2
\$\begingroup\$

I've been designing a test bench for RC propulsion systems and for that I thought it would be nice to be able to switch the power to the ESC on/off. For this I designed a simple circuit which I thought would do the trick. Vaa is used for both driving the gate and the ESC. However, as it turns out, the ESC GND is internally connected to the GND of its servo connection. First this means that the ESC never turns off. Second, this is quite dangerous when the MOSFET source isn't pulled to GND (open switch)! In that case if someone was to open throttle, the current would most likely kill the flight controller instantly. Another downside is that it is only possible to use/simulate a 3S or 4S battery pack (maybe 2s but not optimal) since Vgs of the MOSFET can't go above 20V (5s is 21V when fully loaded).

First switch for drone ESC

I think I've come up with a solution to both these problems by switching in the high side of the ESC and using an isolated DC/DC converter to drive the gate.

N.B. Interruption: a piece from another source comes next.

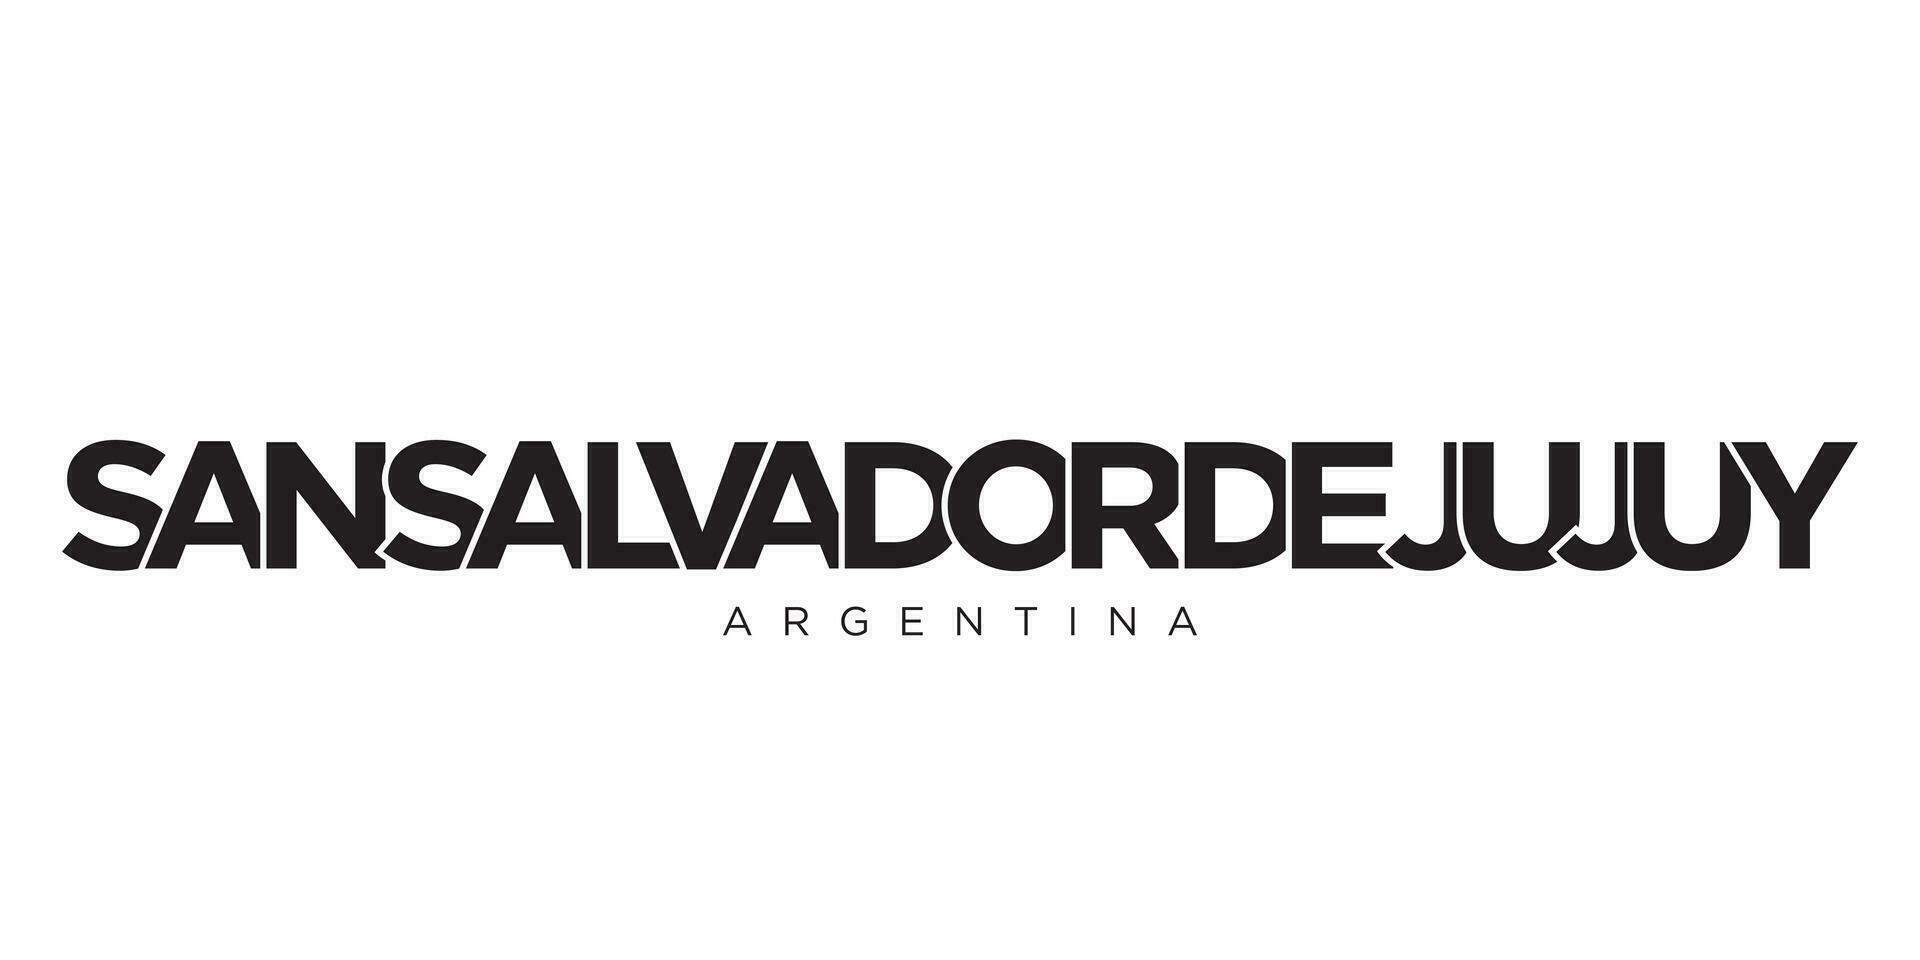 San Salvador de Jujuy in the Argentina emblem. The design features a geometric style, vector illustration with bold typography in a modern font. The graphic slogan lettering.

The converter converts a 5V signal to a 12V signal which is high enough for the Rds(on) to be low enough to support a current draw up to 40 Amps with appropriate cooling (6 W/mK thermal pad and 2.7 K/W heatsink). However, I'm not sure this setup will work as I've never worked with such a converter before.

My question is basically if there is an obvious mistake I've made and what this mistake might be. Also if you have any tips as to how this circuit might be improved you are more than welcome to give them!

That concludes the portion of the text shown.